Quando venne a chiedere il progetto per il suo chiostro, che tra l’altro avrebbe sempre dovuto utilizzare anche per la rimessa dell’auto, ho dovuto, come sempre, pensare alle sue esigenze di spazio, alla esposizione, alle ore di luminosità che avrebbe avuto quel piccolo giardino a cui si accede con un grande atrio, con due pilastri ed un importante cancello. La mia scelta cadde in una Rosa il cui nome porta con sé la storia tra Oriente e Occidente come spesso accade per questo genere di pianta: Rêve d’Or un ibrido di rosa ottenuto in Francia da Ducher nel 1869. La data di nascita ci da già delle indicazioni perché gli studiosi di rose, i rodologi, distinguono due grandi gruppi: rose moderne e rose antiche. Infatti c’è proprio un punto di svolta nella storia botanica del genere rosa che è lo spartiacque temporale tra quelle coltivate prima e dopo il 1867 : rispettivamente definite rose antiche e rose moderne. Così la rosa che scelsi appartiene al gruppo detto Noisette, stirpe discendente da un ibrido americano tra la Rosa moscata selvatica e la notissima rosa cinese ‘Old Blush’. Questa grande “famiglia” di rose ha vigoria e rapidità di crescita della Rosa moscata selvatica e la rifiorenza, quasi tutto l’anno, con la variabilità del colore del fiore che muta dal giallo tenue all’albicocca, in fiori di media grandezza che sbocciano profumati e muschiati, simili al tè, solitari o riuniti fino a mazzi di quindici, nelle tonalità del camoscio-oro ! Anche nei climi caldi in pochi anni raggiunge dimensioni definirei esagerate, e può coprire spalliere e pareti dai 6 ai 10 metri di lunghezza, un vero prodigio di fioriture. Se le rose antiche europee che non avevano la rifiorenza ottenuta da metà Settecento, non avessero incontrato le millenarie cinesi che hanno donato anche il colore rosso, oggi non avremmo la sterminata collezione di ibridi e gruppi di rose utili per tutte le nostre esigenze climatiche e di adattamento alle varie esigenze in giardino. In particolare troviamo l’oriente anche nella parte vegetativa con poche spine e foglie verde intenso inizialmente rosse lucide e nelle città sempreverdi quasi tutto l’anno anche in pianura in Italia settentrionale.

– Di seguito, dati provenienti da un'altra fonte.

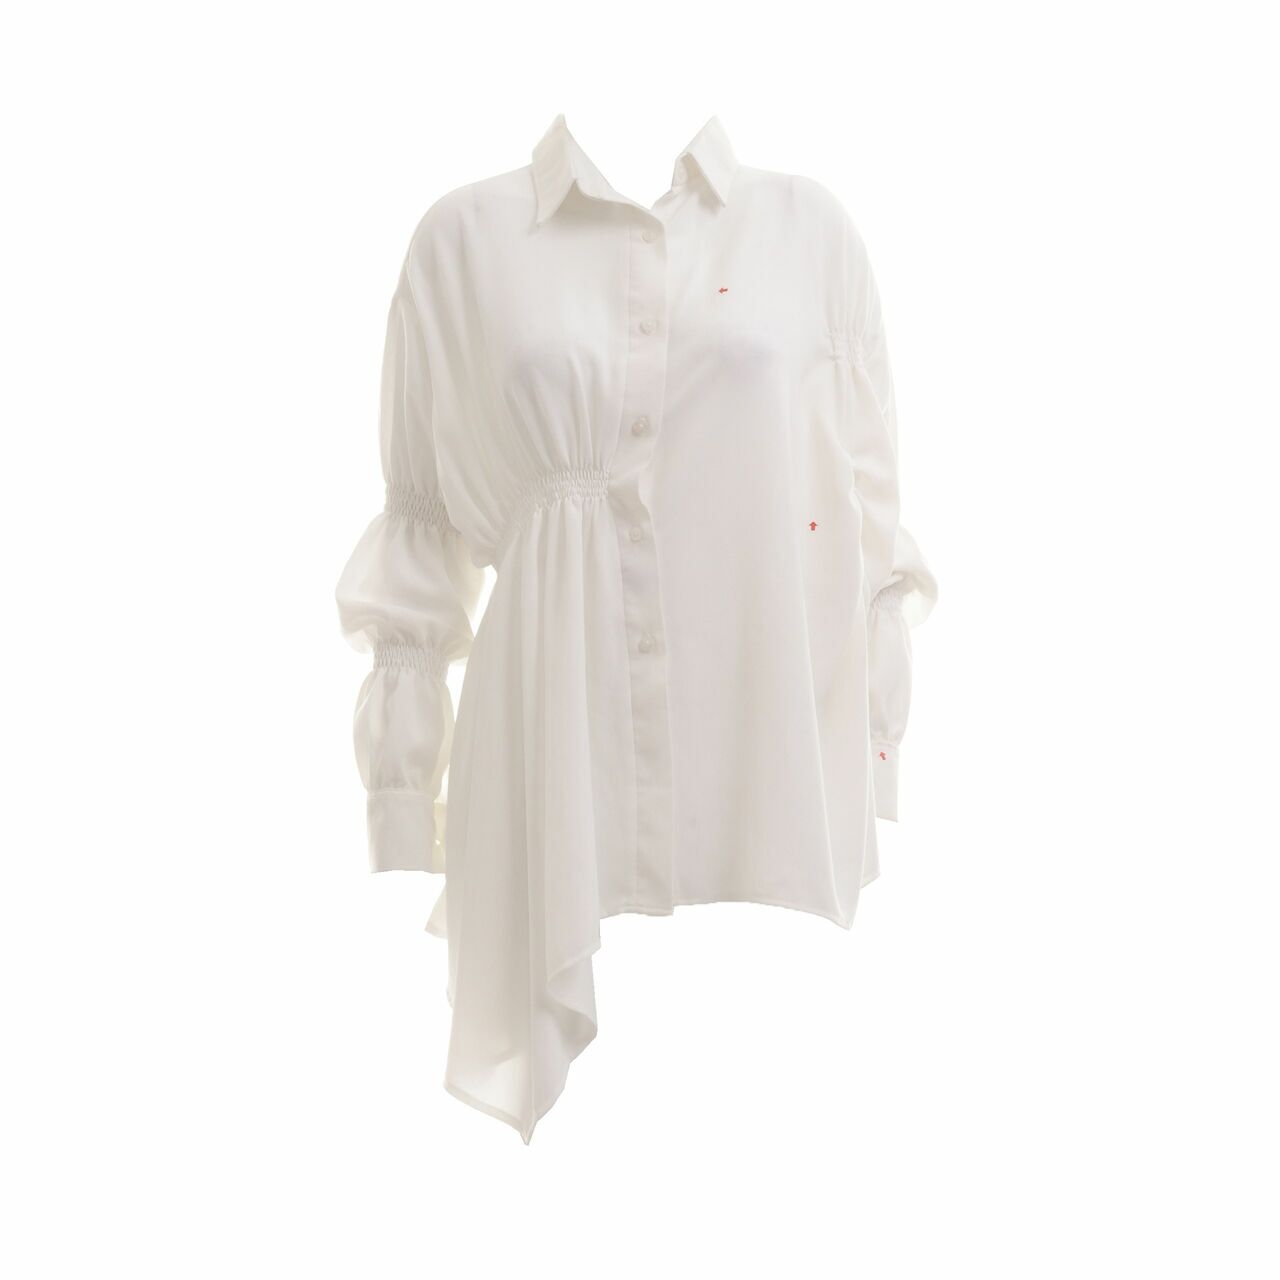 Duma White Shirt

Ogni rosa però ha natura diversa e nel caso di una Reve d’Or, che è una rampicante a spalliera o su archi e pillar, bisogna avere una ottima mano nel saperla gestire e contenere senza danneggiarla e rischiare di non farla fiorire nella stagione successiva per aver avuto una mano troppo severa nella potatura. Ho visto ridurre rose da premio internazionale a dei monconi sterili per aver ecceduto nei tagli nella stagione sbagliata. Oggi purtroppo la consuetudine della gestione impropria e distratta del verde pubblico, soprattutto nelle aiuole, nei giardini e nelle famose aree spartitraffico, induce anche i singoli proprietari di giardini e terrazzi a imitare proprio quelle tecniche sbagliate di cura delle piante, tant’è che si perpetuano errori a tal punto che molti giardini di aree condominiali o private sono omologate e svilite. Invece curare un giardino o un angolo di verde in un piccolo spazio privato, un terrazzo o un fazzoletto di terra è una vera e propria arte e chi la coltiva ne gode e ne fa godere anche chi è vicino, come nel caso della rosa che vedete nelle belle foto scattate dalla proprietaria. In Inghilterra ricordo i giardini del quartiere residenziale di Kew, non lontano dai grandi giardini reali, piccoli gioielli che fanno a gara gli uni con gli altri nell’accostamento dei colori, della varietà di specie, di tipi di piante, dai cespugli alle erbacee perenni ai piccoli alberi fino alle bulbose e le annuali.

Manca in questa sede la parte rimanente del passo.